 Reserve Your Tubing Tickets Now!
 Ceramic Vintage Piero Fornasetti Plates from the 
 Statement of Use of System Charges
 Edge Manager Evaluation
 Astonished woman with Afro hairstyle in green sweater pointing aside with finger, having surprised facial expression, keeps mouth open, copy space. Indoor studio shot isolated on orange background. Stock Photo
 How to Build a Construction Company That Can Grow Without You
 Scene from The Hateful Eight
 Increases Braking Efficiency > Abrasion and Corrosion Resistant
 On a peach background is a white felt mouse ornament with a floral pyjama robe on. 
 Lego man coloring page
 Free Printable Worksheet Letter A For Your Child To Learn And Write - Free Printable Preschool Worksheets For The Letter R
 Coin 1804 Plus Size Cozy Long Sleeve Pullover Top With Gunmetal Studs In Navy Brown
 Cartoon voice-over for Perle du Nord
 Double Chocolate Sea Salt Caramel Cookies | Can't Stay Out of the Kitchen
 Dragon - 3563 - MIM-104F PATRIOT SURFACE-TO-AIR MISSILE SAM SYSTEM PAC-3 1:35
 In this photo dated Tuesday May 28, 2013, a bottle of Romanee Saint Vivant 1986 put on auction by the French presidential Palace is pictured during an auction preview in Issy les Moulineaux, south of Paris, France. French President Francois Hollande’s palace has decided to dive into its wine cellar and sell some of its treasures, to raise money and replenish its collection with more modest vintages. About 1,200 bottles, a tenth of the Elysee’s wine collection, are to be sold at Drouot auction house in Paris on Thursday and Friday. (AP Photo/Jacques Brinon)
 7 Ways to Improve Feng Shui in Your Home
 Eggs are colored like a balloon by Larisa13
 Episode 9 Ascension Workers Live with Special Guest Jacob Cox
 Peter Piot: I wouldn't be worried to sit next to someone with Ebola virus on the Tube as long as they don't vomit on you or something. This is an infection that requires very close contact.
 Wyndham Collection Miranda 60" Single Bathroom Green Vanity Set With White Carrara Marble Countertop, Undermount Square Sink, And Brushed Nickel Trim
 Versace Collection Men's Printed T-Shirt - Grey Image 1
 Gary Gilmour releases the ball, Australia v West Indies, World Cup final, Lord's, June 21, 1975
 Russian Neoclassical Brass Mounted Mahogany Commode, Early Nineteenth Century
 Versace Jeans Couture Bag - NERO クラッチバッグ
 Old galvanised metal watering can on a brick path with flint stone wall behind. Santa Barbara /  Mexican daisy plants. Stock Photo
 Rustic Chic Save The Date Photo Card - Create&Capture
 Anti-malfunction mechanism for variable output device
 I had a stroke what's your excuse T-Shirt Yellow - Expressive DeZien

===============

◆ DIRECTIONS FOR THIS TASK
In the listing above, find the line with "Lego man coloring page" and the line with "Dragon - 3563"; set down exactly those two lines and every line between them, nothing more.

◆ OUTPUT BELOW
 Lego man coloring page
 Free Printable Worksheet Letter A For Your Child To Learn And Write - Free Printable Preschool Worksheets For The Letter R
 Coin 1804 Plus Size Cozy Long Sleeve Pullover Top With Gunmetal Studs In Navy Brown
 Cartoon voice-over for Perle du Nord
 Double Chocolate Sea Salt Caramel Cookies | Can't Stay Out of the Kitchen
 Dragon - 3563 - MIM-104F PATRIOT SURFACE-TO-AIR MISSILE SAM SYSTEM PAC-3 1:35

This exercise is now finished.